Front. Digit. Health, 22 July 2022

Sec. Personalized Medicine

Volume 4 - 2022 | https://doi.org/10.3389/fdgth.2022.862095

This article is part of the Research TopicMultimodal Digital Approaches to Personalized MedicineView all 8 articles

Erroneous data: The Achilles' heel of AI and personalized medicine

Thomas Birk Kristiansen¹^*

Kent Kristensen²

Jakob Uffelmann^3,4

Ivan Brandslund⁵

¹Ishøjcentrets Læger, Ishøj, Denmark
²Institute of Law, University of Southern Denmark, Odense, Denmark
³Public Danish E-Health Portal (Sundhed.dk), Copenhagen, Denmark
⁴Sundhed.dk International Foundation, Copenhagen, Denmark
⁵Department of Medical Science and Artificial Intelligence, Institute of Regional Health Research, University Hospital of Southern Denmark Sygehus Lillebælt (SLB), University of Southern Denmark, Odense, Denmark

This paper reviews dilemmas and implications of erroneous data for clinical implementation of AI. It is well-known that if erroneous and biased data are used to train AI, there is a risk of systematic error.
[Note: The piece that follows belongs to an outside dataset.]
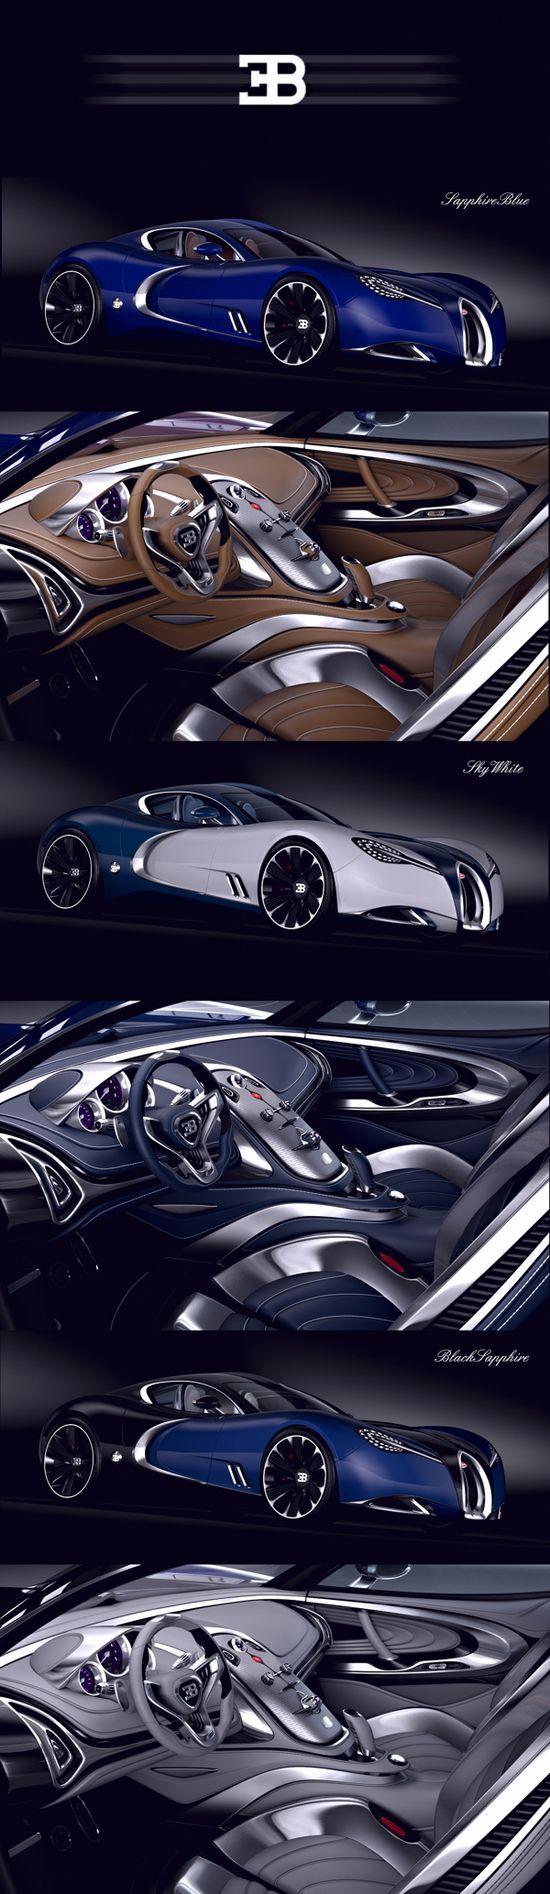 Bugatti #ferrari vs lamborghini #sport cars

However, even perfectly trained AI applications can produce faulty outputs if fed with erroneous inputs. To counter such problems, we suggest 3 steps: (1) AI should focus on data of the highest quality, in essence paraclinical data and digital images, (2) patients should be granted simple access to the input data that feed the AI, and granted a right to request changes to erroneous data, and (3) automated high-throughput methods for error-correction should be implemented in domains with faulty data when possible. Also, we conclude that erroneous data is a reality even for highly reputable Danish data sources, and thus, legal framework for the correction of errors is universally needed.

Introduction

Artificial intelligence (AI) in healthcare may carry great promise, though in many cases strong clinical evidence for its positive effects is lacking (1). Currently, AI is being developed for many purposes such as automated diagnosing in clinical laboratory medicine (2), for radiological imaging description (3), for monitoring of patients (4), and to stratify the acuity of incoming patients (5).

An ever-increasing availability of digital health data has, alongside computer and mathematical development, been a major driver toward clinical AI. In Denmark, the evolvement of electronic health records (EHR) over more than 20 years has led to an abundance of healthcare data. Also, Denmark has rigorously and systematically gathered registries on its citizens longer than most other country, and although abundant registries also exist in other Nordic countries, Denmark is by some considered a benchmark for high quality registries touching on almost every aspect of life (6). Even so, reputable databases in Denmark face a problem of high-quality data being mixed with poor-quality data. This is problematic since AI depend on the quality of data (7). An example is “IBM Watson Oncology,” a digital physician assistant based on machine learning, that despite a hyped-up and expensive investment, continues to make incorrect recommendations for cancer treatment due to, amongst other issues, problems with mixed data quality (8, 9).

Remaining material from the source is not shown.